Me: I’ll take one insurance
Insurance salesman: It doesn’t work like that
Me: *shoving $12 in his breast pocket* your best one, please
I hope Justin Bieber’s on the next season of “16 and Pregnant”
An odd boast
that de-escalated quickly
Lynyrd Skynyrd
Lyonyl Rychye
I don’t understand how planes work and I’m scared if I think about it too hard the plane will also realise it doesn’t make sense and drop out of the sky 🙁
MAN: [having heart attack] HELP…CAN’T…MOVE
ME: Dude, are you ok?!
MAN: [faintly] CALL…ME…A…DOCTOR
ME: Oh sorry! Doctor, are you ok?!
Remember that the most popular man in the village was its idiot.
Friend: What’s your costume for Halloween?
Me: The Invisible Man
Friend: Bandages and sunglasses?
Me: More realistic.
Friend: You’re not coming to the party are you?
Me: God no.
Bikes are held up by witchcraft if u can ride a bike you are a level 1 wizard & if u can ride a unicycle you are a level 2 dork haha owned
My parents have been together for 40 years, and I don’t even like seeing the same cashier twice in a row at the grocery store.
4yo: What do you love most in the world?
Me: You & your brother
4yo: Oh
Me: What about you?
4yo: The fire tree in Plants vs. Zombies
Me: Oh
Babe, calm down. I don’t think you heard me. They’re MAGIC beans.
Finished building birdhouse. Bird couple coming by tomorrow. In their price range.
OUR KID WAS SOAKING WET WHEN YOU BROUGHT HIM HOME FROM SCHOOL!
Me: [water pouring from backseat] Listen, this car pool thing was your idea
I’m sorry your wife touches the elf on the shelf more than you.
*Grilling salmon
TELL ME WHAT YOU WERE DOING SWIMMING UPSTREAM LAST WEEK
The forest creatures begin stampeding.
You turn to me, clearly scared.
“We have no reason to fear the animals,” I reassure you.
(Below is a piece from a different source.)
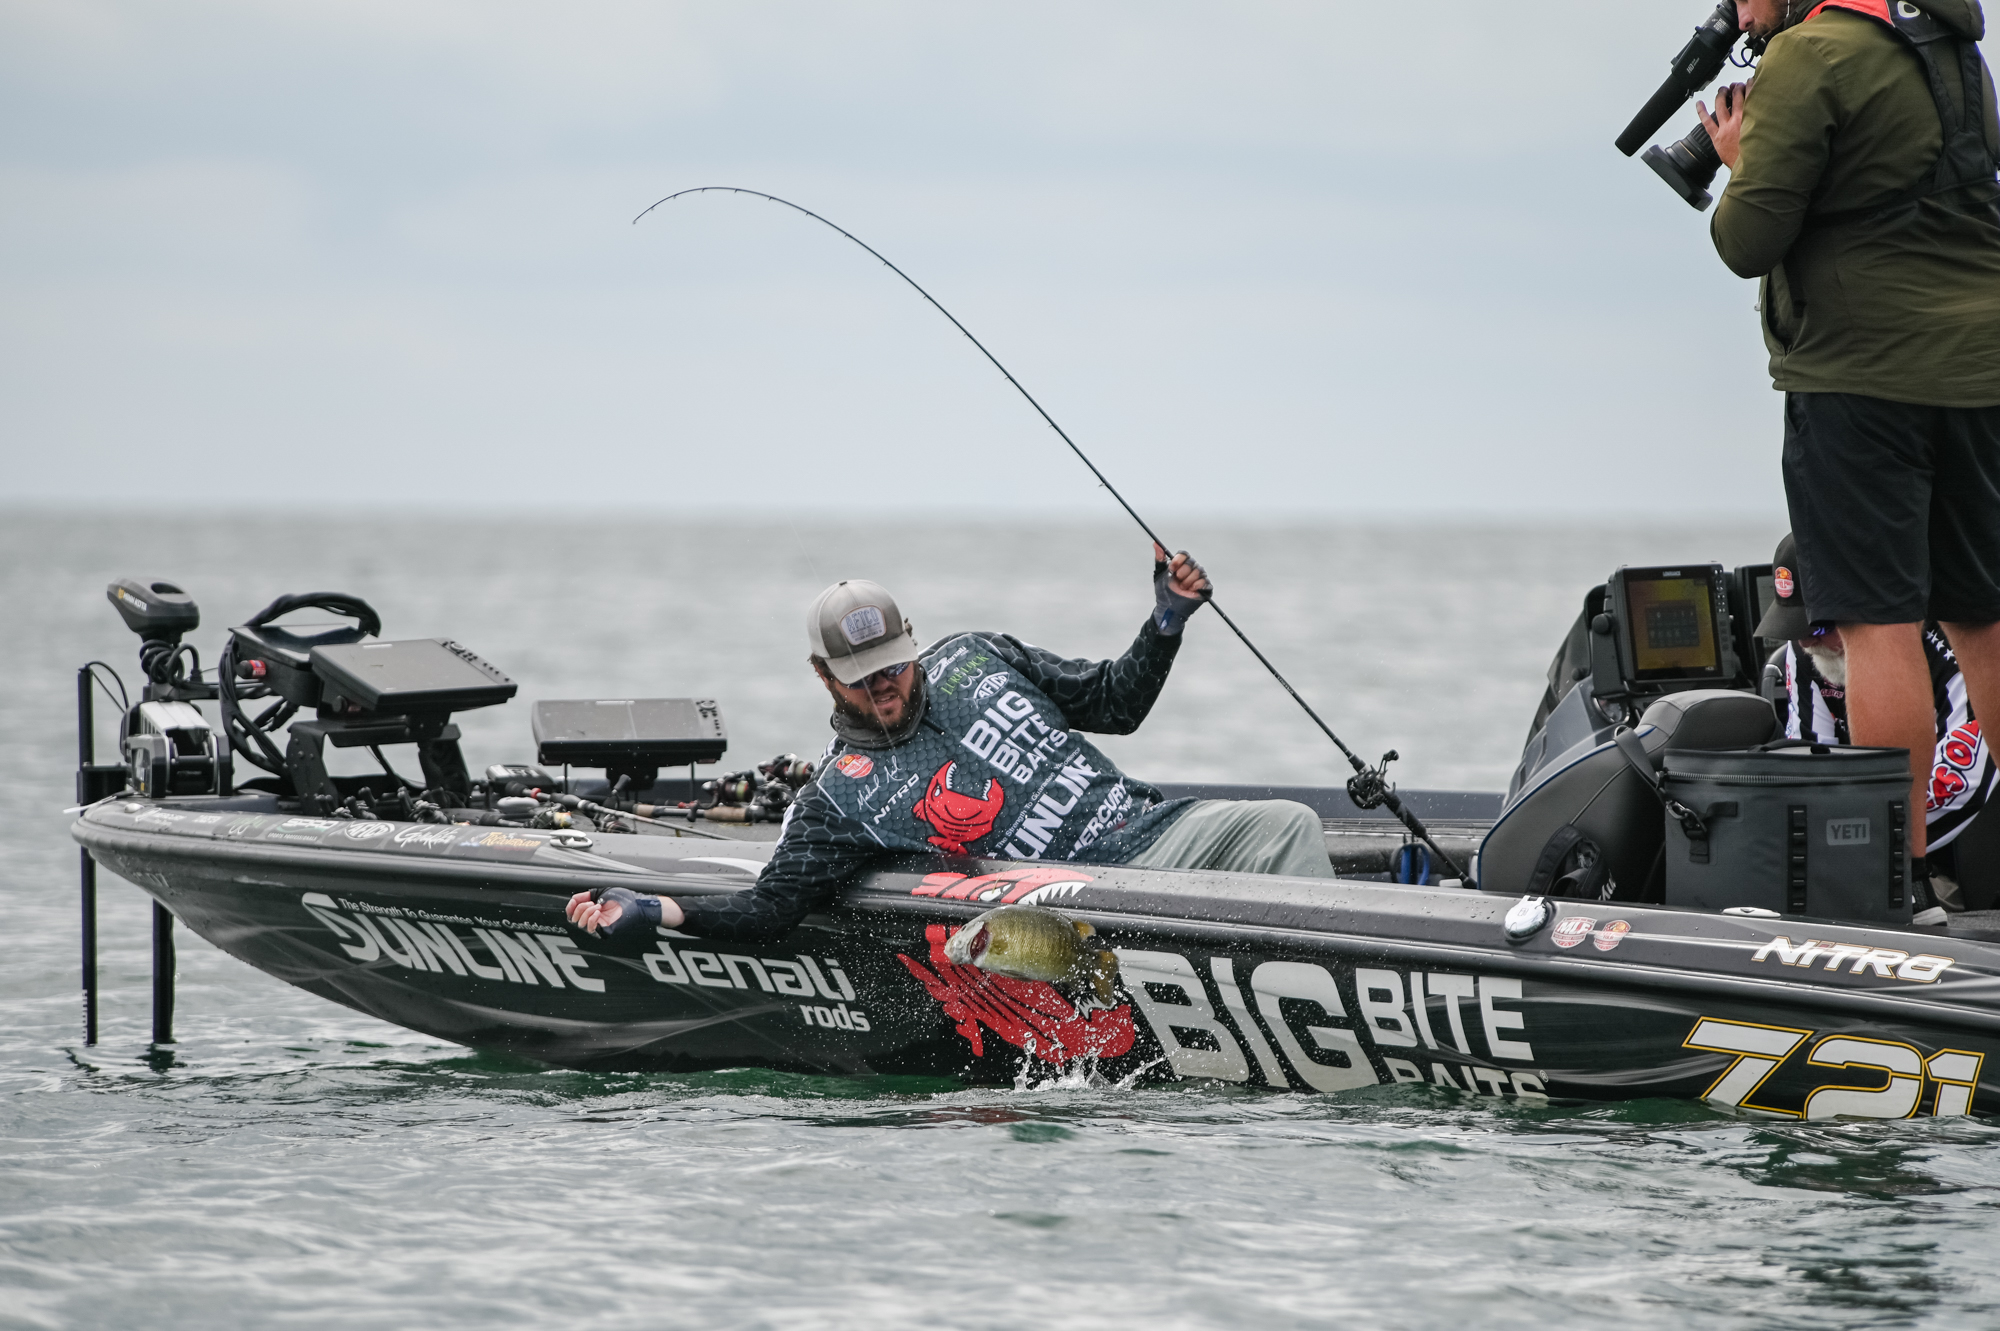 GALLERY: Michael Neal Seals the Deal - Major League Fishing

You smile nervously. “Thank go—”
“Worry about whatever’s spooking them.”
Snake: What do you do?
Gun shop owner: I’m an arms dealer.
*snake gets super excited*
My lack of exercise is really catching up to me. Now it’s passing me. Wow, my lack of exercise is in great shape.
“Bjärk! Bjärk!”
-Björk’s dog
Burglars broke into Kanye West’s home.
As a result, 500 statues of Kanye West are missing.
Conference calls are fun because no one knows I’m really home with massive diarrhea.
Boss: For the third time, PLEASE put us on mute.
A chimney is the eyes into the Jesus.
When one chimney closes, God shuts another door.
The eyes of the door is where the Jesus is.
And then the fortune cookie company fired me
*steps on Lego*
*stumbles backwards and trips over more Legos*
*throws all Legos away*
*Grandparents buy more Legos for Christmas*
[Olive Garden]
Me: *walks in*
Hostess: *hands me shovel* Bury the bodies in the back.
Me: Huh?
Hostess: When you’re here you’re family.